Dans l'onglet TV+, tu trouves les contenus qui sont sortis l'année dernière et l'année d'avant, ainsi que des contenus qu'ils ont achetés. Tu as regardé The Morning Show ? Ses ? For All Mankind ? Ce ne sont pas des contenus anciens...


----------



## Pinsonmimi (7 Janvier 2021)

Si je prends l'onglet TV voilà ce que j'ai pour les séries dramatiques par exemple : 5 séries. De plus je ne trouve rien pour les séries SF ou fantastiques :


----------



## MrTom (7 Janvier 2021)

Voilà et tu as plusieurs boutons "Tout afficher", sur lesquels il faut cliquer.


----------



## Pinsonmimi (7 Janvier 2021)

Pour, par exemple les séries dramatiques si je clique sur "tout afficher" je n'ai que 5 séries de plus.

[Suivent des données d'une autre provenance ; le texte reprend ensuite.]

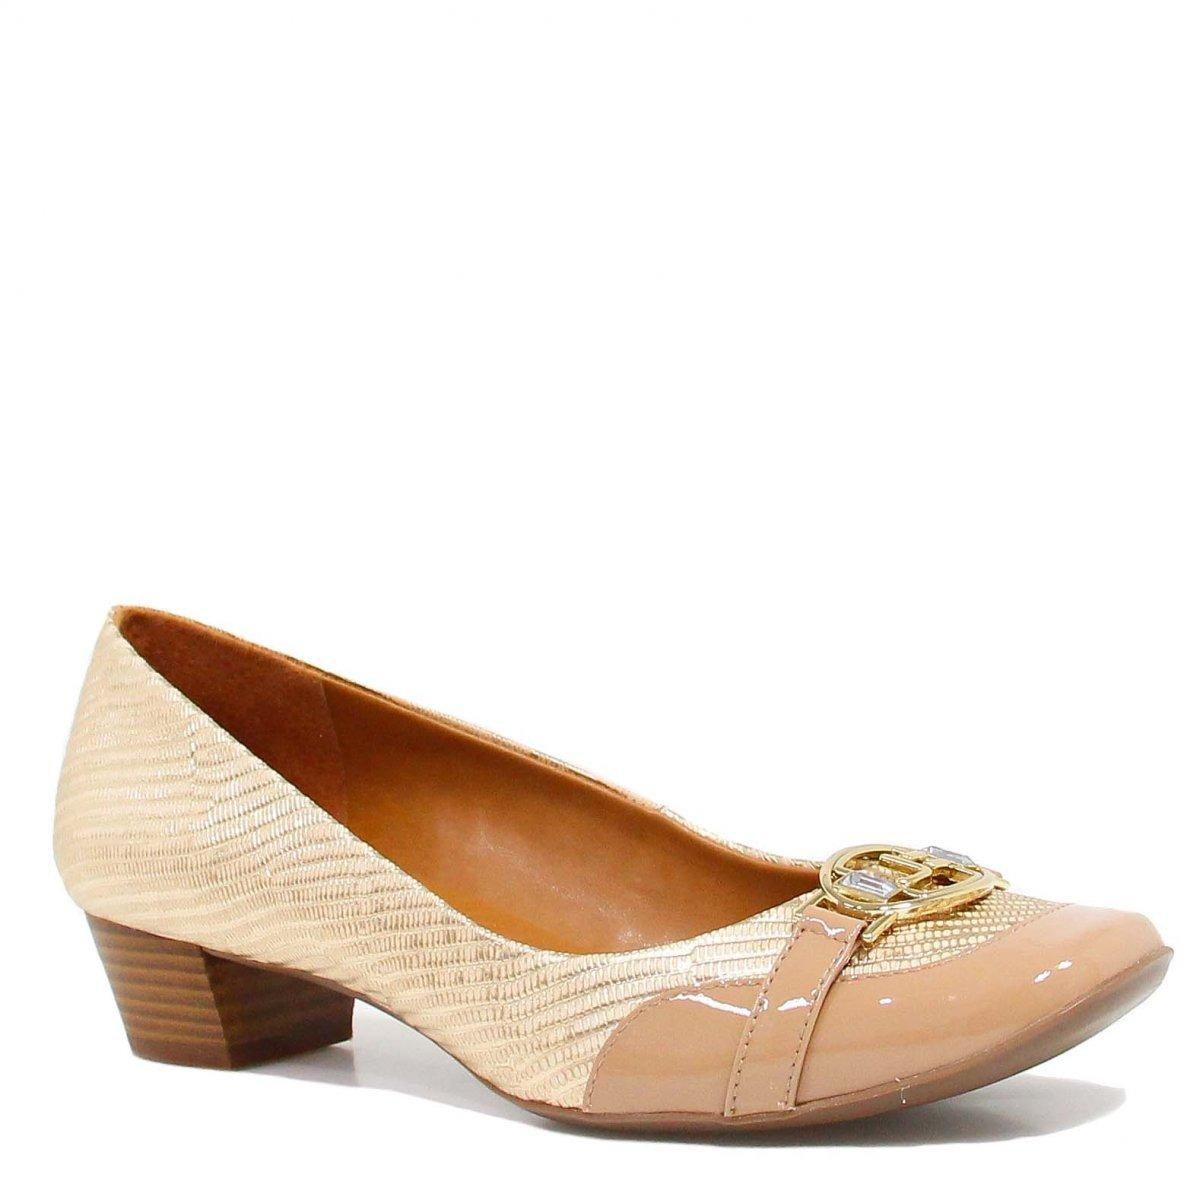 4c6ac669d Sapato Jorge Bischoff Scarpin Croco Metal Nude

Si je regarde la saison 6 de Chicago Fire (on en est à la saison 9) il faut payer 2,99 euros. Je croyais que c'était gratuit.


----------



## maxou56 (7 Janvier 2021)

Pinsonmimi a dit:


> Si je regarde la saison 6 de Chicago Fire (on en est à la saison 9) il faut payer 2,99 euros. Je croyais que c'était gratuit.


Bonjour, Apple TV+ est gratuit (ou via abonnement) mais l'app "Apple TV" il y a aussi des séries, films en locations ou à l'achats... (anciennement iTunes).

Exemple de séries disponibles avec Apple TV+


----------



## MrTom (7 Janvier 2021)

Pinsonmimi a dit:


> Pour, par exemple les séries dramatiques si je clique sur "tout afficher" je n'ai que 5 séries de plus.
> 
> Si je regarde la saison 6 de Chicago Fire (on en est à la saison 9) il faut payer 2,99 euros. Je croyais que c'était gratuit.


Oui 10 séries en tout, ce n'est pas Netflix et visiblement ils n'ont pas vocation à faire la même chose. Bon au moins c'est gratuit !


----------



## Pinsonmimi (8 Janvier 2021)

Je suis déçue, je pensais que toutes les séries (et films) étaient gratuits en échange d'un abonnement. Vu les séries gratuites il vaut mieux effectivement prendre Netflix.
Merci beaucoup pour vos éclaircissements


----------



## MrTom (8 Janvier 2021)

Pinsonmimi a dit:


> Je suis déçue, je pensais que toutes les séries (et films) étaient gratuits en échange d'un abonnement. Vu les séries gratuites il vaut mieux effectivement prendre Netflix.
> Merci beaucoup pour vos éclaircissements


Toutes les séries et les films Apple TV+ sont gratuits, mais pas tout le catalogue de films et de série de feu iTunes... et les deux sont mélangés dans l'application, dont l'ergonomie reste franchement à des années lumières d'un Netflix.


----------



## patlek (14 Janvier 2021)

C' est du gratuit qui faut payer... c' est nouveau.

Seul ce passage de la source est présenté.